2019 -2021 MESS Grup TİS süreci 2 şubatta Birleşik Metal’in satış sözleşmesini imzalamasıyla son buldu. Süreç herkesin malumu MESS'in bilindik ücret politikasıyla başladı. MESS'in ve sendika bürokratlarının programı baştan belliydi. Önemli olan ise tabanın ne yapacağı idi.
Bilindiği gibi son iki sözleşme dönemi 2015'te yaşanan metal fırtınasının itkisiyle geçmişti, MESS ve sendika bürokratları adına. Son sözleşme sürecinde bir kez daha Türk Metal çetesinin ardından Birleşik Metal’in de sözleşmeyi imzalaması bekleniyordu. Fakat Birleşik Metal tabanının yarattığı basınç, Birleşik Metal bürokratlarını imza atmaktan geri tuttu. Sonrası ise malum; Birleşik Metal farklı manevralarla oyunlar oynayıp, sözleşmeyi imzaladı.

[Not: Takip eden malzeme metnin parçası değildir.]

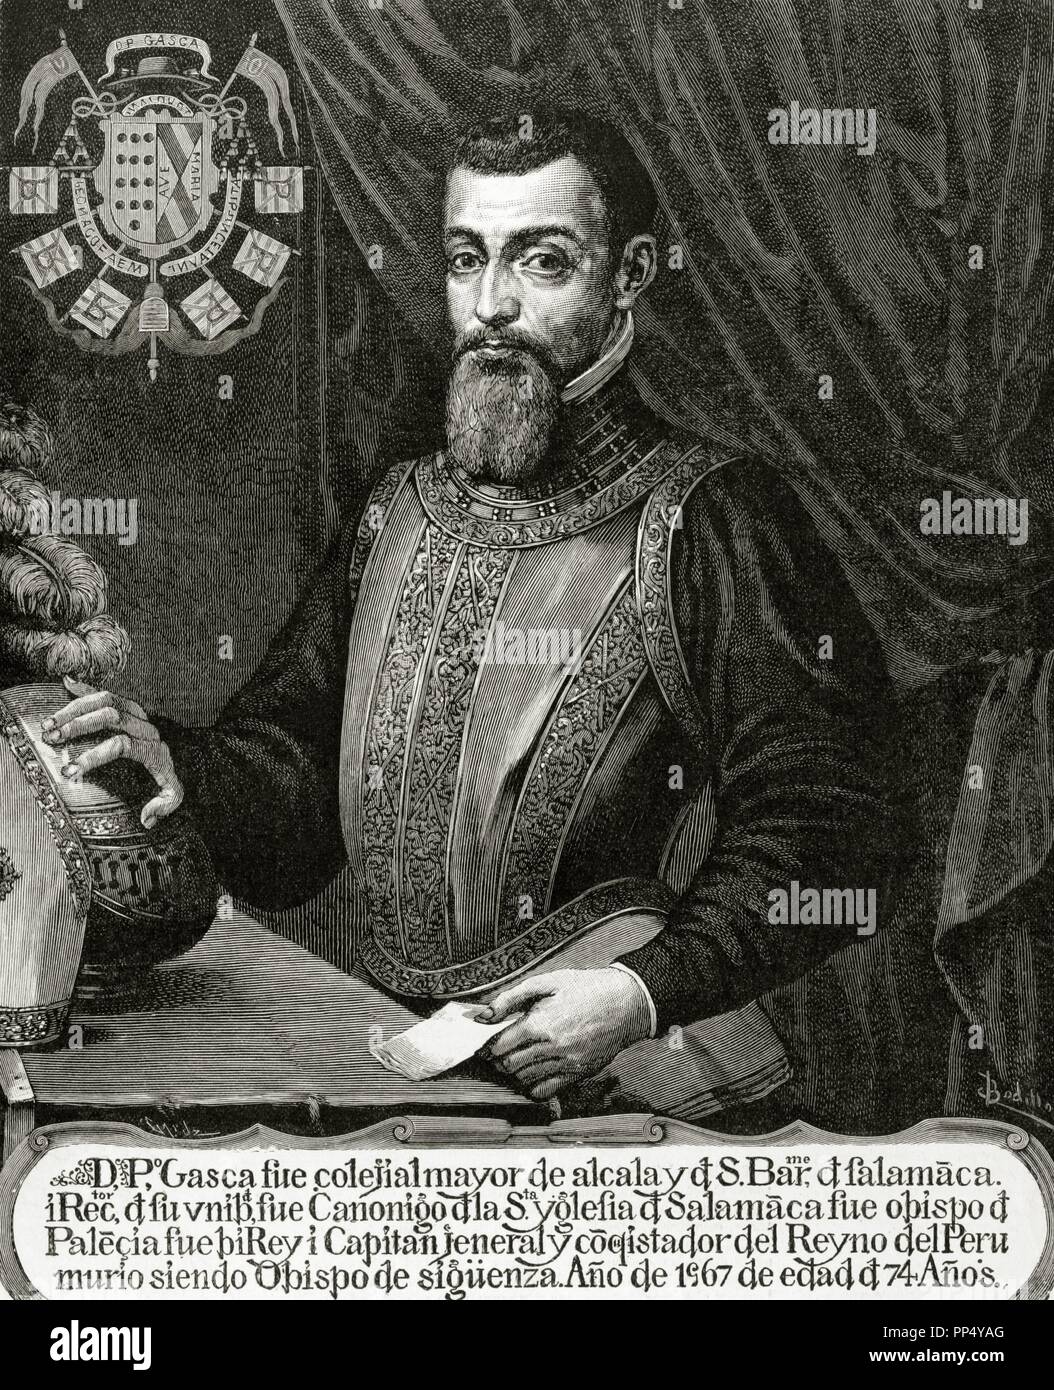 Pedro de La Gasca, The Peacemaker (1493-1567). Spanish priest, politician and military. Knight of the Order of Santiago. Engraving by Capuz. The Spanish and American Illustration, 1892. Stock Photo

Metal işçilerinden yansıyanlar!
Sürecin başından sonuna kadar birçok öncü metal işçisi Metal işçileri Birliği’nin sosyal medya hesabını kürsü olarak kulandı. Genel olarak sayfaya yansıyanlara bakarsak, metal işçilerinin söylemek istediklerini şu şekilde toparlayabiliriz.
Fabrikalar arası bağlantılar yeterince kurulamadı. Sendika bürokratları işçilerin arasında korku yaymak için yoğun bir çaba içerisine girdi. Sınıfı bölmek için tüm bunlar etkili oldu. Gebze şubenin bölünmesi tabanda bir öfkeye yol açsa da somutta cesaretli adımlar atılamayınca ihanet sözleşmesinin imzalanmasının önü açılmış oldu.
Öte yandan, süreç içerisinde şunlar zorlanabilirdi: Metal fırtınasında adımları atılan ama tam oturtulamayan fabrikalar arası kurullar oluşturulabilirdi. Ortak kanallar üzerinde güçlü adımlar atmanın zeminleri yaratılabilirdi.
Süreç yenilgi değil, metal işçileri adına derstir!
Birleşik Metal üyesi işçilerin grev iradesi Türk Metal tabanındaki metal işçileri için de umut oldu. 5 Şubat grev kararı mevcut durgunluk halinde bile heyecan yarattı. Aslında metal işçisinin ihtiyacı olan bu süreçte daha cesaretli adımlar atmaktı.
Fakat metal işçilerinin gelişmelere müdahale edecek alternatif bir örgütlenmesi olmayınca mevcut dinamik kendi içinde erimeye terkedilmiş oldu. Sadece bir fabrikada bile alternatif bir örgütlenme olmuş olsa idi daha farklı bir sürecin önü açılabilirdi. Fakat satış sözleşmesini imzalayan sendika bürokrasisine dönük en ufak bir tepki dahi örgütlü biçime dönüşemedi.
Metal İşçileri Bülteni’nin son dağıtımında ise işçilerin yüzlerinde okunan ifade tamamen değişmişti. Grev sürecinde yüzü gülen, grevi heyecanla bekleyen metal işçileri sözleşme sonrasında kavgadan kaçmış bir ruh hali ile davranıyordu.
Açık ki, metal işçileri mücadeleye her zaman hazırdı. Eksiklerini tamamladığında ise yeni metal fırtınaları yaratacakları açık. İşte umut da kavga da mücadele de bu gerçekliğin içerisinde gizli.